Automated Workflow with Lifecycle Hooks

resource "panos_security_policy" "auto_deploy" {
  # ... configuration ...

  lifecycle {
    action_trigger {
      events  = [after_create, after_update]
      actions = [
        action.panos_commit.commit_to_panorama,
        action.panos_commit_all.push_to_production
      ]
    }
  }
}

Configuration Reference

device_groups (Optional)

- Type: List of strings
- Default: All device groups in Panorama
- Example: ["Production", "DMZ", "Branch-Offices"]

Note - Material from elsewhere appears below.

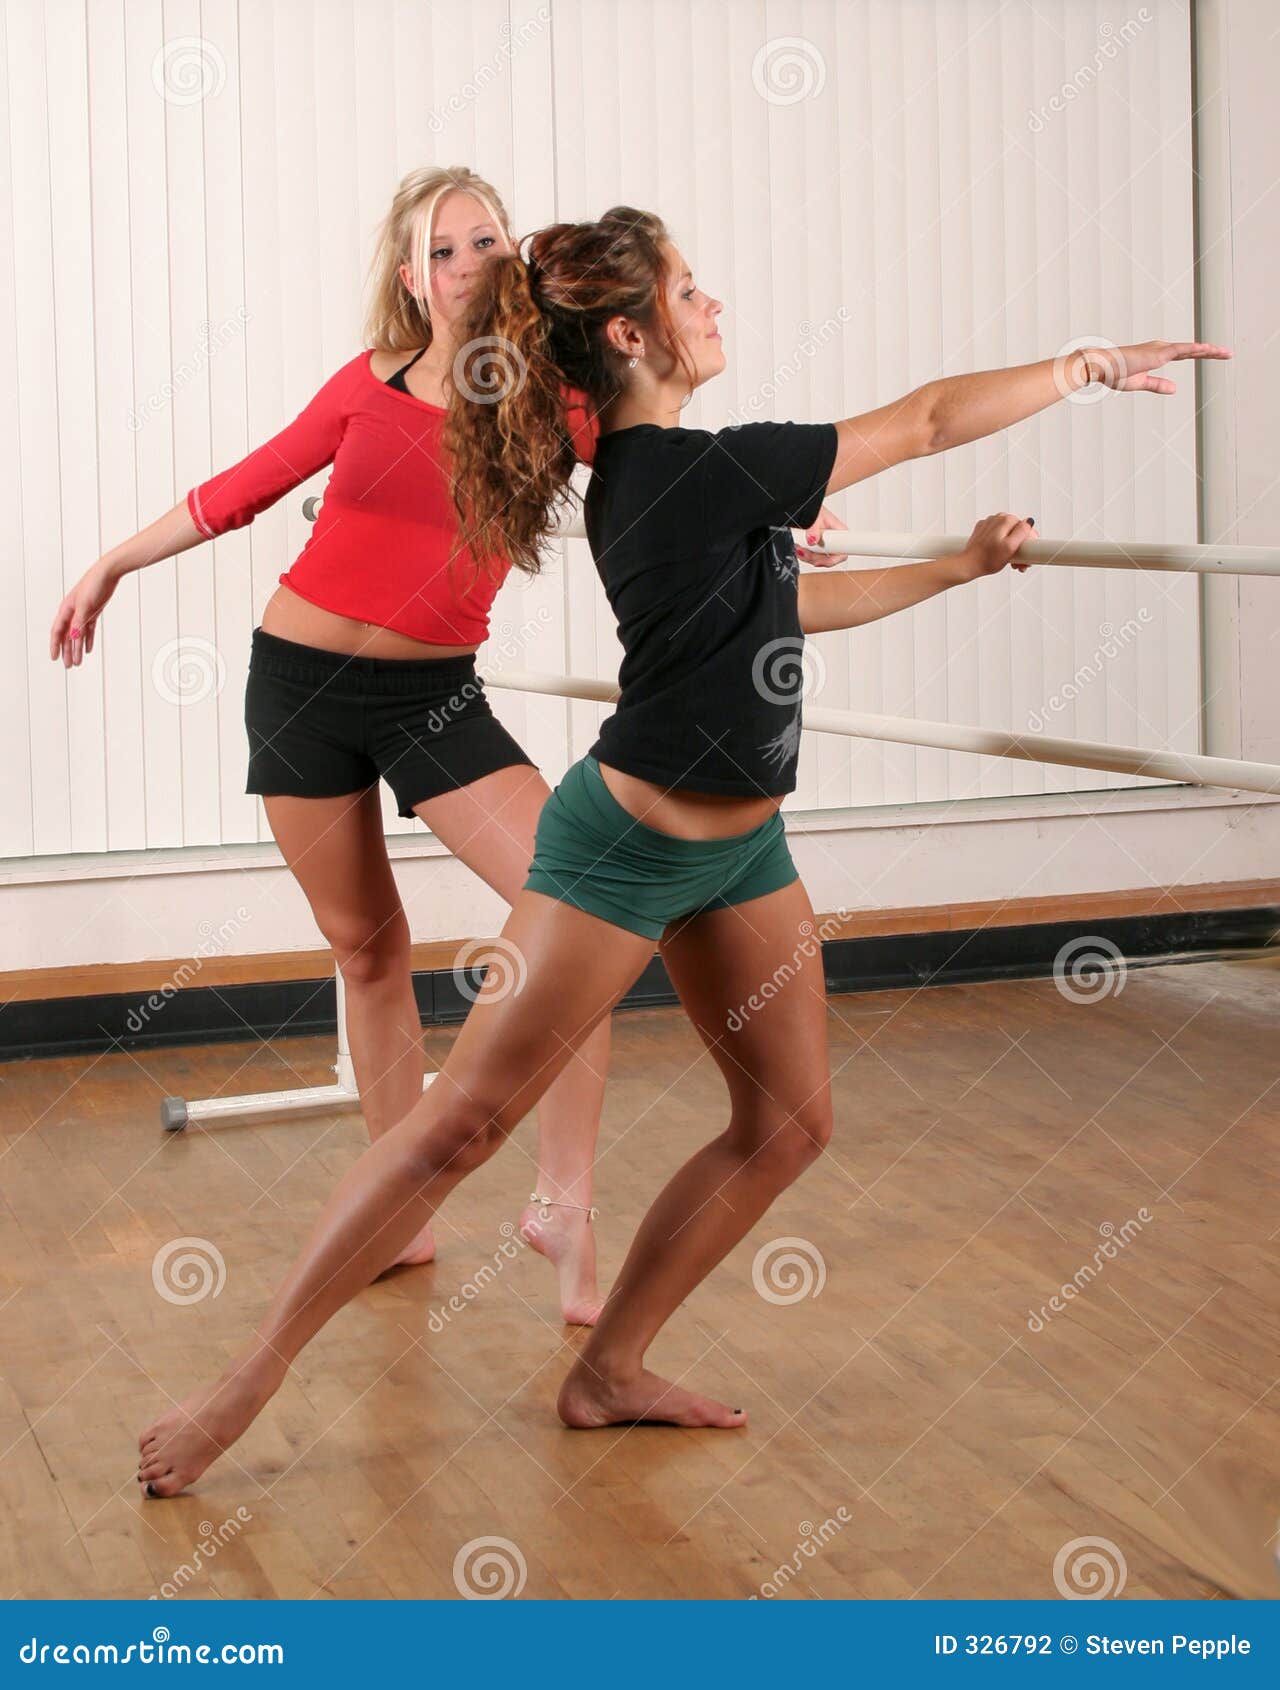 Teen Girls Dance

When specified, only pushes configuration to the listed device groups. When omitted, pushes to all device groups.

Testing

Tested on:
- Panorama version: 11.2.6
- Terraform: 1.14.3
- Provider: 2.0.x (local build)

Test scenarios:
- ✅ Push to all device groups (auto-discovery)
- ✅ Push to specific device groups via device_groups parameter
- ✅ Push to multiple device groups
- ✅ Error handling when no device groups exist
- ✅ Job polling and completion
- ✅ Lifecycle action_trigger integration

Documentation

Comprehensive Documentation Included

- Action Reference (docs/actions/commit_all.md):
  - Overview and workflow explanation
  - Configuration reference
  - 10+ usage examples
  - Comparison with panos_commit
  - CI/CD integration examples
  - Troubleshooting guide
- Examples Guide (examples/COMMIT_ALL_EXAMPLES.md):
  - Comparison of Terraform Actions vs curl methods
  - Quick start guide
  - Best practices
  - Security considerations
  - Example Terraform configurations for older versions

## Breaking Changes

None. This is a new feature with no impact on existing functionality.

## Backward Compatibility

- ✅ Fully backward compatible
- ✅ Does not modify existing actions or resources
- ✅ Optional parameter (device_groups) defaults to safe behavior
- ✅ Works alongside existing panos_commit action

## Requirements

- Terraform 1.14+ (for Actions support)
- Panorama (not standalone firewalls)
- At least one device group configured in Panorama

## Migration Notes

For users currently using curl scripts or null_resource for commit-all:
1. Replace curl-based scripts with this action
2. Follow the documented workflow: commit → push
3. See examples/COMMIT_ALL_EXAMPLES.md for migration examples


## Checklist

[x] Implementation complete
[x] Documentation written
[x] Examples provided
[x] Manual testing performed
[x] No breaking changes
[x] Backward compatible


---
Note: This action requires Terraform 1.14+ which introduced Actions support.